What is Safeguarding?
Safeguarding adults is protecting an adult’s right to live in safety, free from abuse and neglect. It is about people and organisations working together to prevent and stop abuse and neglect happening.
The Newcastle Safeguarding Adults Board makes sure that all organisations work closely together, using the same multi agency policies and procedures, to protect and prevent abuse of adults at risk.
Abuse and neglect is never ok. If you, or someone you know is being abused or neglected, it is important to tell someone. Report it.
At this time, you can also visit our dedicated webpage on coronavirus and safeguarding adults, which includes information for professionals, volunteers and the public.
Information for adults at risk, carers, and family members
Do you know someone aged over 18 who cannot always protect themselves from harm because of care and support needs?
It might be that they could be more vulnerable to abuse or neglect and may have greater difficulty keeping themselves safe.
Policy and procedures
All agencies in Newcastle need to be familiar with and use the multi-agency safeguarding adults policy and procedures. They detail what safeguarding adults is and what needs to happen when abuse or neglect of an adult at risk is suspected.
The Newcastle Safeguarding Adults Board (NSAB) makes sure that all organisations work closely together, using the same multi-agency policies and procedures, to protect and prevent abuse of adults at risk. Find out more about the Newcastle Safeguarding Adults Board and it’s sub-committees.
Resources for practice
As well as the policy and procedures, the NSAB produce a variety of topic-based resources, briefing sheets and other learning tools.
The six safeguarding principles
What is Abuse?
Abuse or neglect can happen to anyone, anywhere. It can take place in a person’s own home, in a residential or nursing home, a hospital, day centre or in the street. Most abusers are known by the adult at risk. Abusers can be:
- family members
- paid carers
- health or care professionals
- work colleagues
There are different forms of abuse or neglect:
- Physical abuse – being hit or slapped, being given the wrong medication on purpose, being locked in somewhere, tied up or force fed.
- Sexual abuse – being touched or kissed when it is not wanted, being made to touch or kiss someone else, being made to watch pornography, being raped, getting something (e.g. gifts or money) as a result of performing sexual acts which a person could not or did not consent to.
- Emotional abuse – being threatened, not being given choices, being bullied, being deliberately left alone for a long time, being tormented.
- Financial abuse – having money or personal property stolen, being tricked out of benefits, someone borrowing money and not paying it back, being bullied into letting other people use credit cards or cheques.
- Neglect – not being given enough to eat or drink, being left in dirty or wet clothes, being given the wrong medication or not being given medication at all, someone not calling a doctor or nurse when help is needed.
- Discriminatory abuse – ignoring religious beliefs, making comments or jokes about a person’s disability, race or sexuality, not providing food to meet dietary requirements.

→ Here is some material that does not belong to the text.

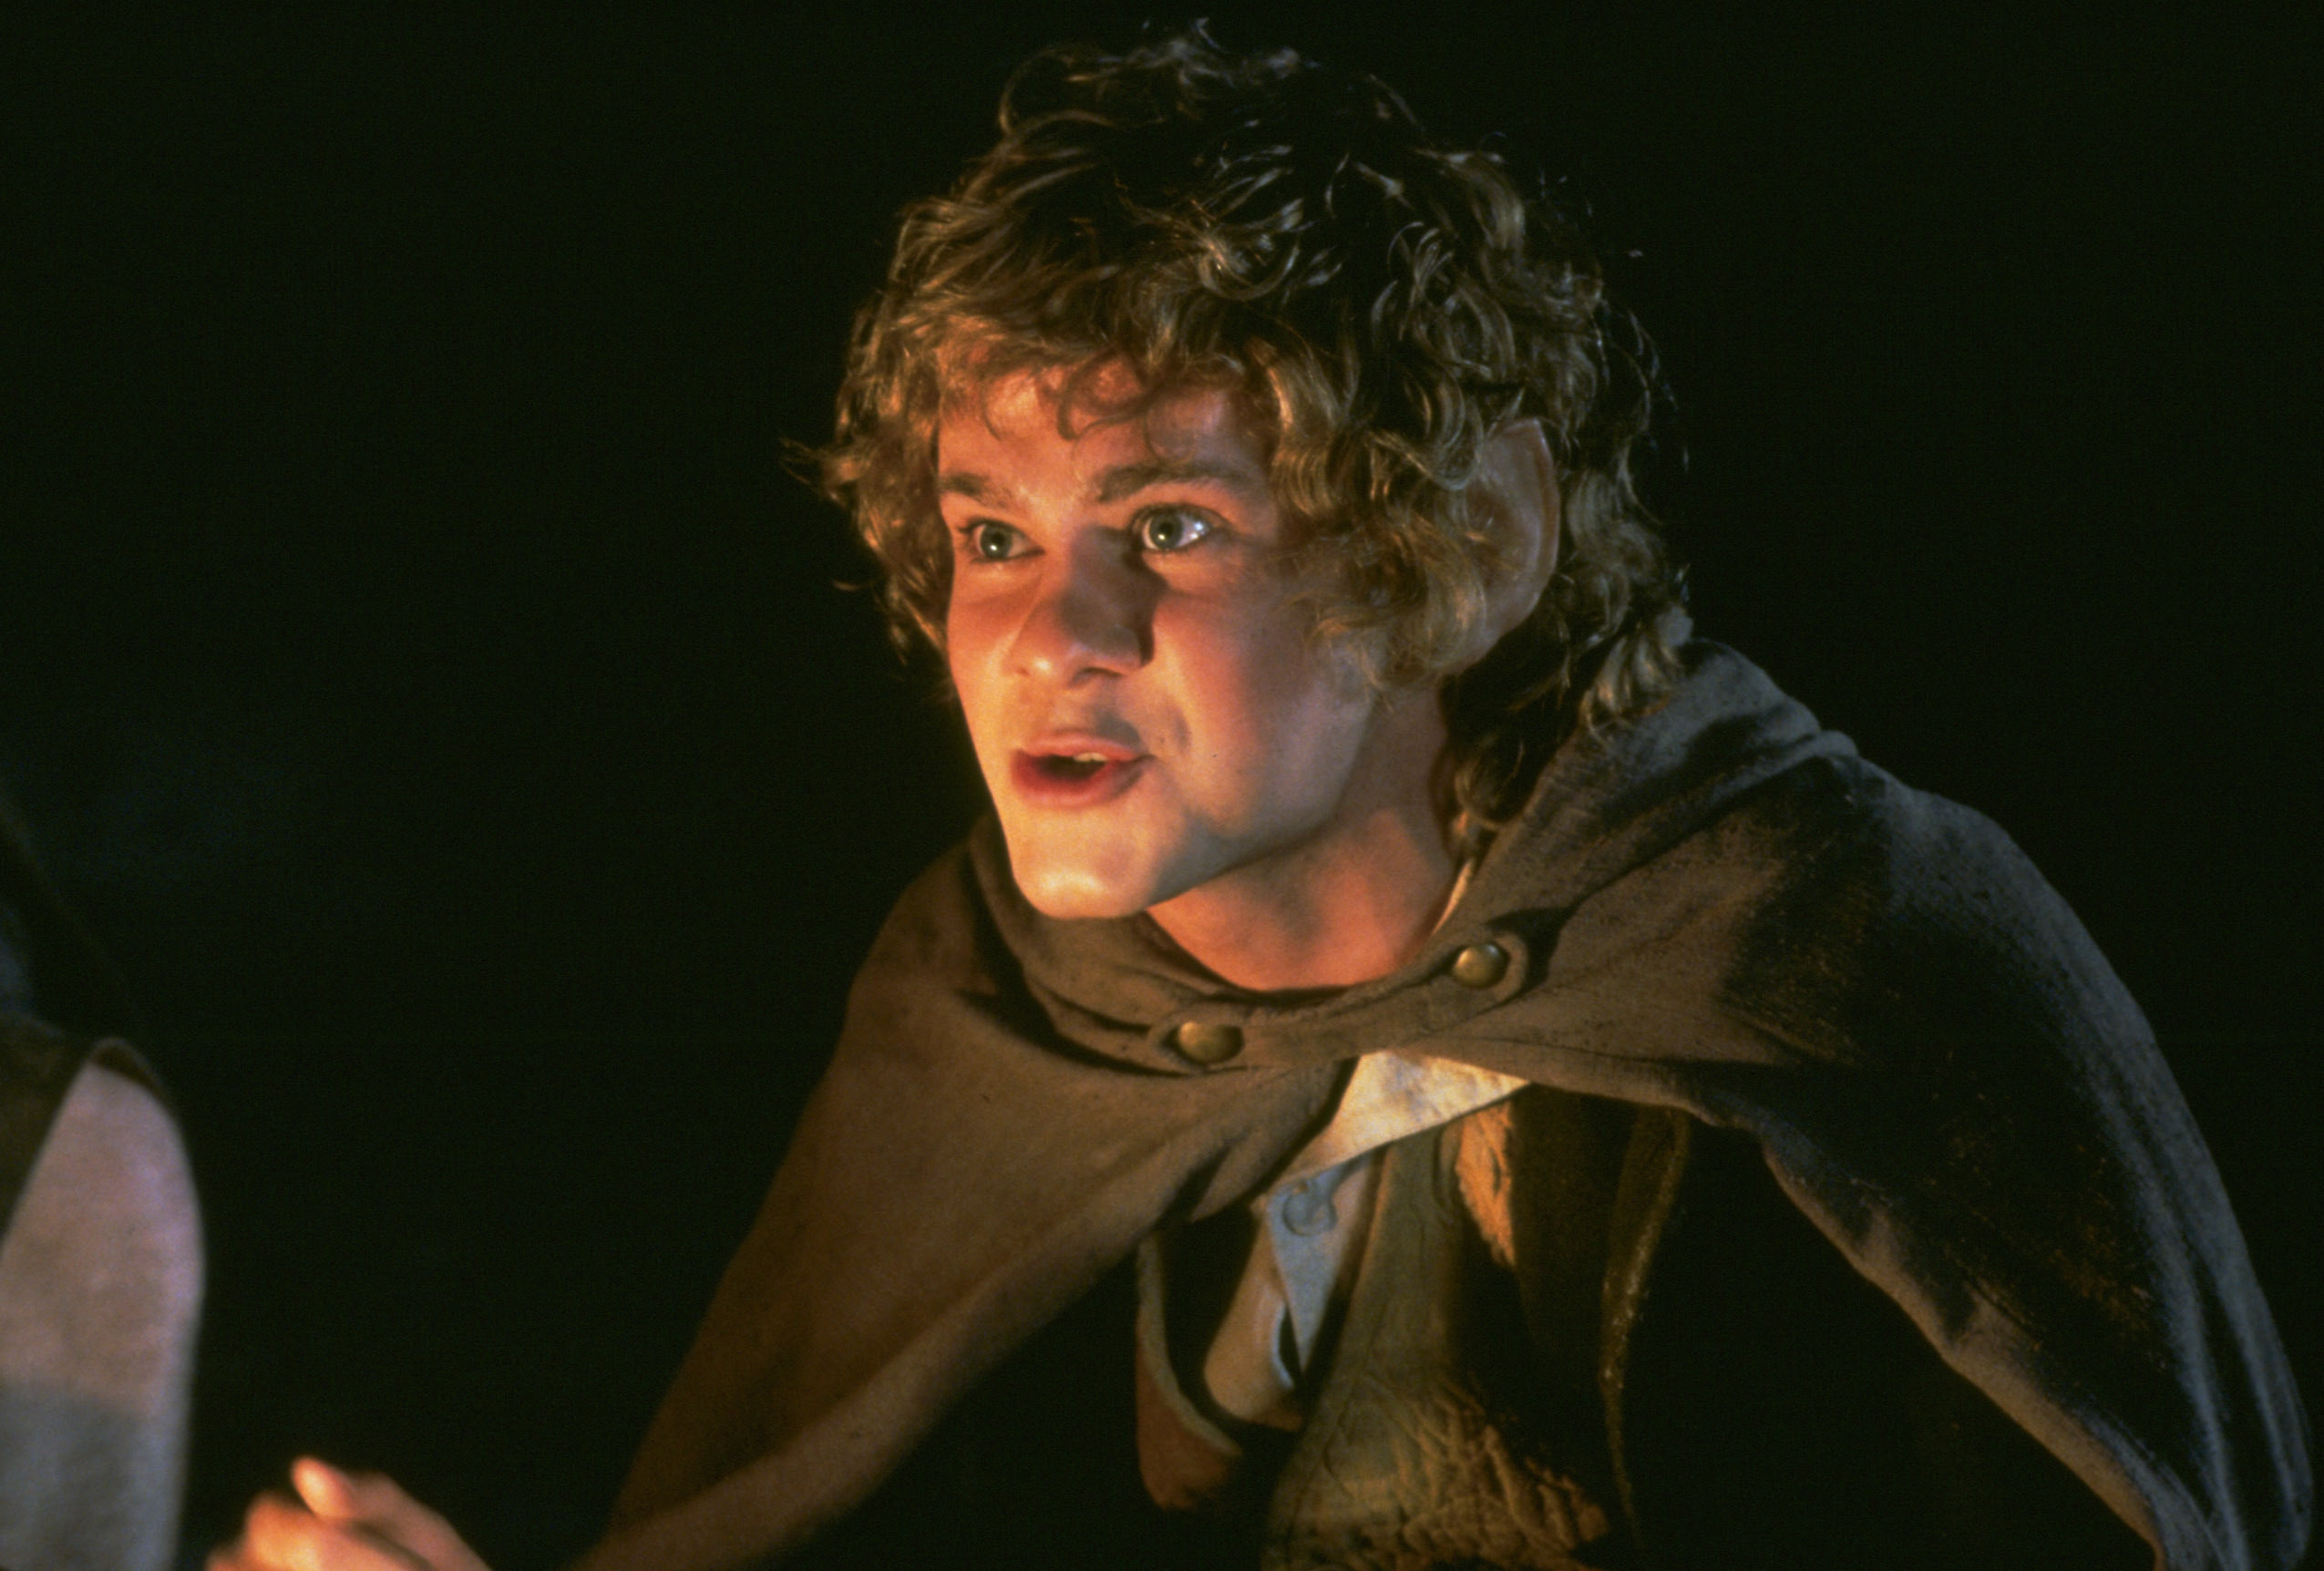 Dominic Monaghan in The Lord of the Rings: The Fellowship of the Ring

- Organisational abuse – repeated instances of poor care or treatment in a service.
- Domestic abuse – abuse perpetrated by someone who is, or has been, a family member or intimate partner.
- Self-neglect – when a person is unable to look after themselves meaning that their health, wellbeing or safety is affected.
- Modern slavery – when a person is forced to work for no money, they may be owned or controlled by an employer or moved from different areas or abroad.
- Criminal exploitation – When a person is controlled by an abuser who might use coercion, intimidation, violence (including sexual violence) and weapons to do so. Control methods used include debt bondage; threats of kidnap and serious violence, including the use of firearms and bladed weapons; threats of harm to family members; ‘cuckooing’; and sexual abuse. Exploitation might be linked to organised crime groups involved in activity such as money laundering and drug dealing.
The Board meets six times a year to agree a work plan and review how well we’re doing. Our findings are published in our annual reports. The Newcastle Safeguarding Adults Board is chaired by: Vida Morris, Group Nurse Director South Locality Group, Northumberland Tyne and Wear NHS Foundation Trust.